Spotlight

How Joanna Yates turned lived experience into a career helping others

When Joanna Yates first walked into an emotional skills group, she had no idea it would change the course of her life.

What began as a personal attempt to reconnect with coping strategies, eventually led her to discover a passion for supporting others – a passion that has since grown into a paid role within the NHS.

Joanna describes her mental health journey as one marked by challenges stretching back to her teenage years.

Living with ADHD and having received support from mental health services for many years, she had taken part in a wide range of therapies, but it was during a period of stability, after completing dialectical behavioural therapy (DBT), that things began to shift.

“I wasn’t really using my DBT skills anymore and I found it really hard to reconnect with them,” she says.

Wanting to refresh her memory, she joined an emotional skills course – a decision that would open unexpected doors.

Joanna repeated the course several times, partly to keep herself accountable and to ensure she held onto the tools she’d learned.

Her facilitators noticed she kept returning and began asking why she was coming back so often, especially as she clearly knew the material of the course so well.

“I explained my position and that’s when they suggested I join the Somerset Recovery College as a lived experience tutor,” Joanna says. “They could see I was giving more back to the group than I was gaining.”

What Joanna didn’t realise was that, when she went online to sign up, she accidentally joined our trust’s lived experience support team – then known as the recovery partners service – instead of the Recovery College… but it turned out to be a happy mistake!

“Being a lived experience partner seemed interesting, so I decided to carry on anyway, and everything stemmed from there,” she adds.

“From there, I began taking on a number of tasks, such as co‑producing leaflets, joining project groups, becoming involved in research and attending open forums.

“Though nervous at first, especially sitting on interview panels with professionals who would previously have been the ones looking after me, I felt welcomed, valued and increasingly confident.”

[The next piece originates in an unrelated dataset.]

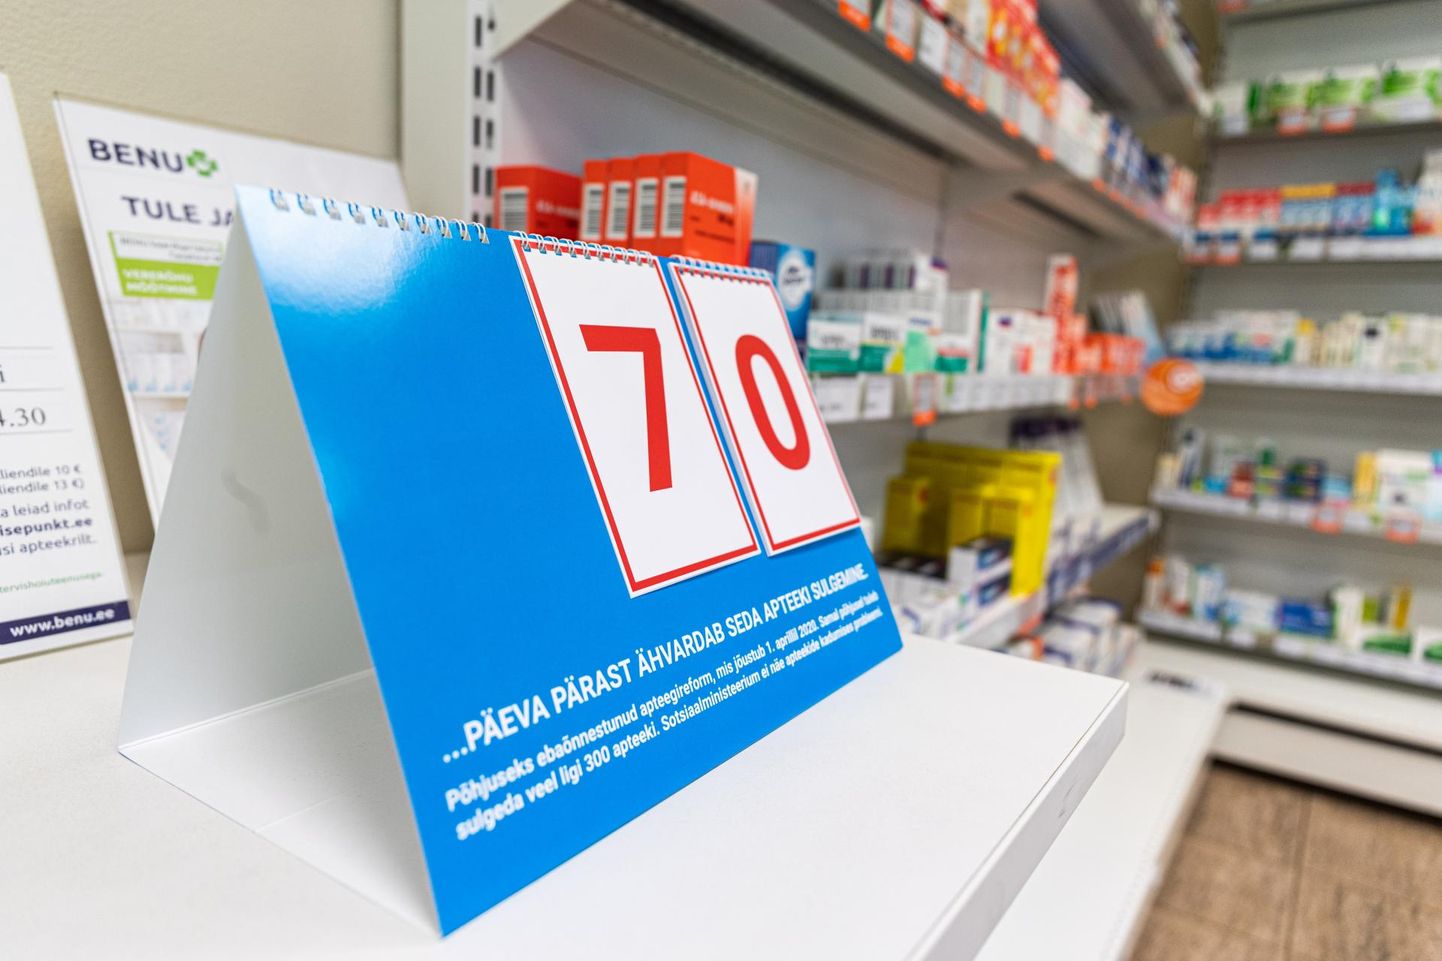 Календарь, приуроченный к аптечной реформе, показывал вчера, что этой аптеке Benu до закрытия осталось работать ровно 70 дней.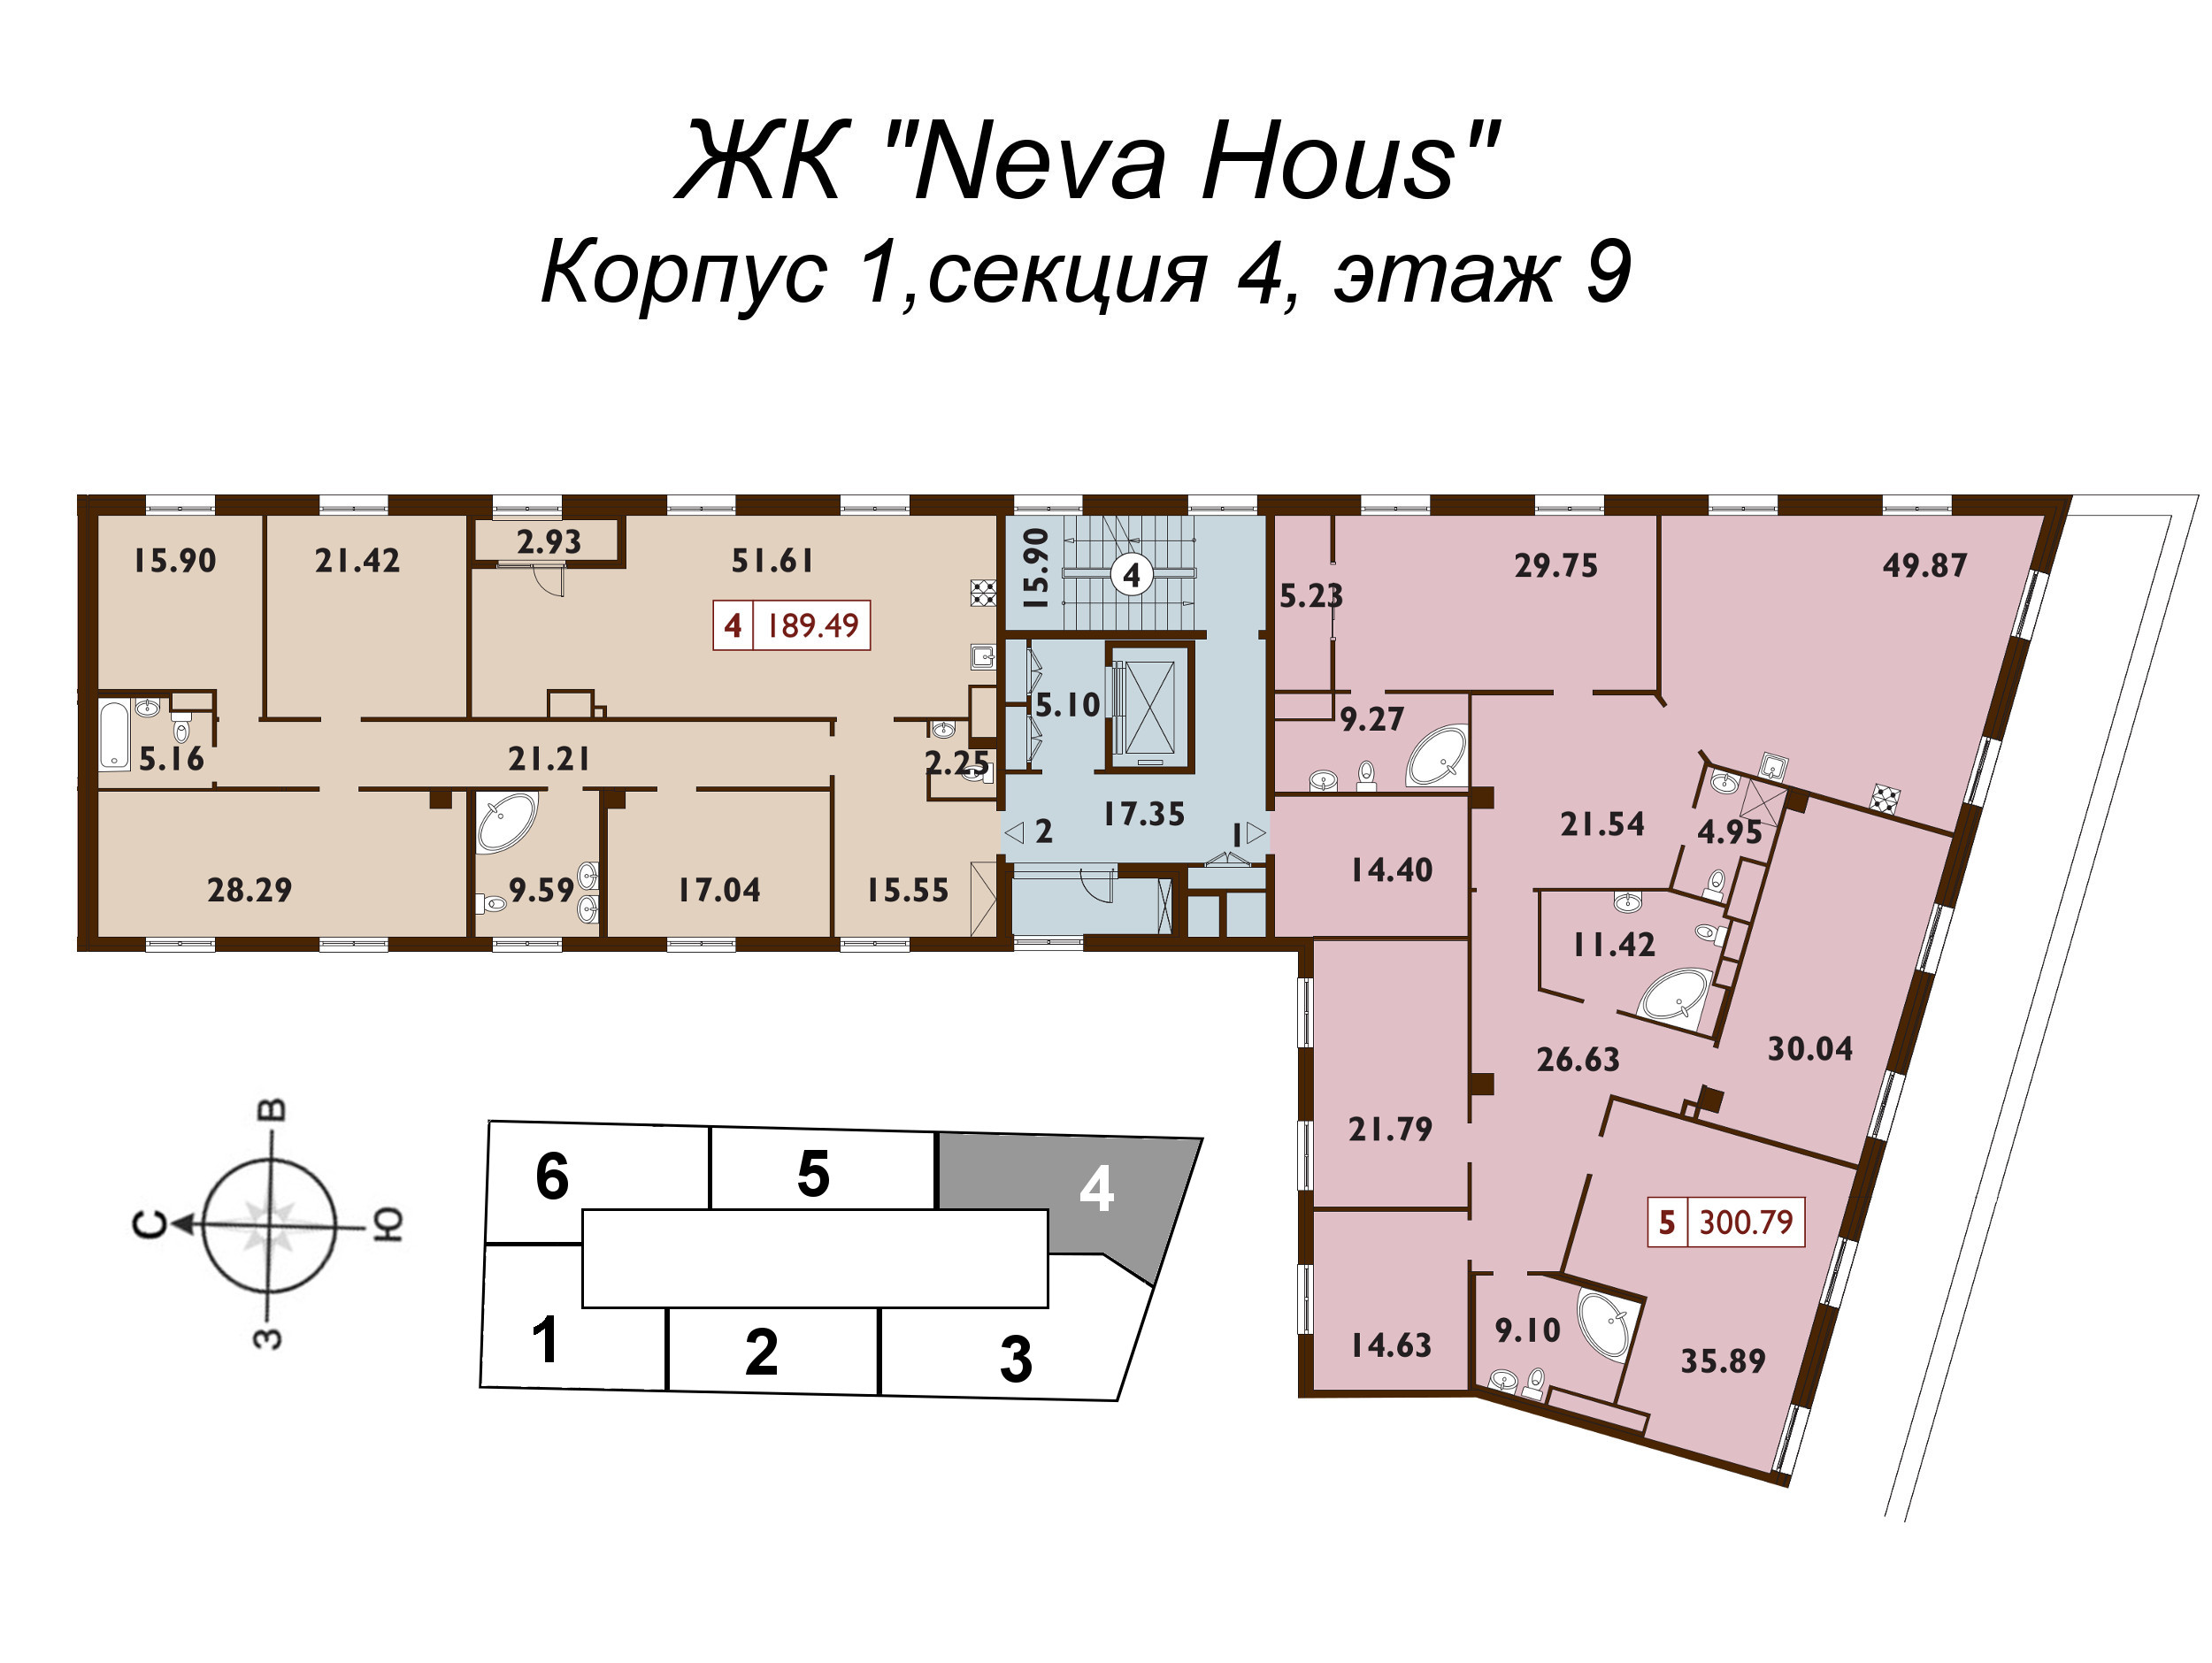 5-комнатная (Евро) квартира, 188.5 м² в ЖК "Neva Haus" - планировка этажа

Joanna’s confidence and influence grew quickly, and she began helping to develop the Branching Out project, from its earliest consultation stages, through to its implementation and expansion into local communities. She saw first‑hand how lived experience can improve services and reduce ward readmissions.

One of Joanna’s proudest achievements is the peer support group she set up following the emotional skills course – a group she continues to facilitate more than a year and a half later.

Alongside her volunteer work, Joanna also began picking up shifts as a bank healthcare assistant on the wards.

When colleagues noticed the valuable role she was playing within the Branching Out group, psychologist, Dr Helen Schur, and lived experience team leader, Paul Milverton, arranged for her to continue contributing as a bank worker, allowing her to take on greater responsibility in a formal, paid capacity.

Joanna says the work has been both humbling and empowering. She adds: “It’s been really reflective for me, as after all the negative experiences I’ve had, being able to see services from the other side has helped me process a lot of that. It’s helped me in my own mental health journey as well.”

She believes lived experience partners bring insight that can directly shape better care. Through projects such as Culture of Care, Joanna has influenced practice across wards and helped colleagues to understand what compassionate, inclusive care looks like from the perspective of someone who has been on the receiving end.

“It’s amazing to actually see the impact we have,” she says. “Sometimes you even see a physical shift in colleagues when something clicks, and it inspires them to make a real change.”

Joanna hopes to see the lived experience programme continue to grow, and she remains passionate about raising awareness so that more colleagues understand the value the partners bring.

For her, the biggest reward is seeing how her journey can help others. “I’ve grown as a person. I’ve learned I can challenge things when needed, in a supportive way, and even when change isn’t immediate, it’s still worth doing. Sometimes messages take a while to make a difference, but they do.”

From service user, to volunteer, to bank healthcare assistant and active contributor in service improvement, Joanna’s journey shows what’s possible when lived experience is recognised not as a barrier, but as a strength.

And for Joanna, that journey is far from over.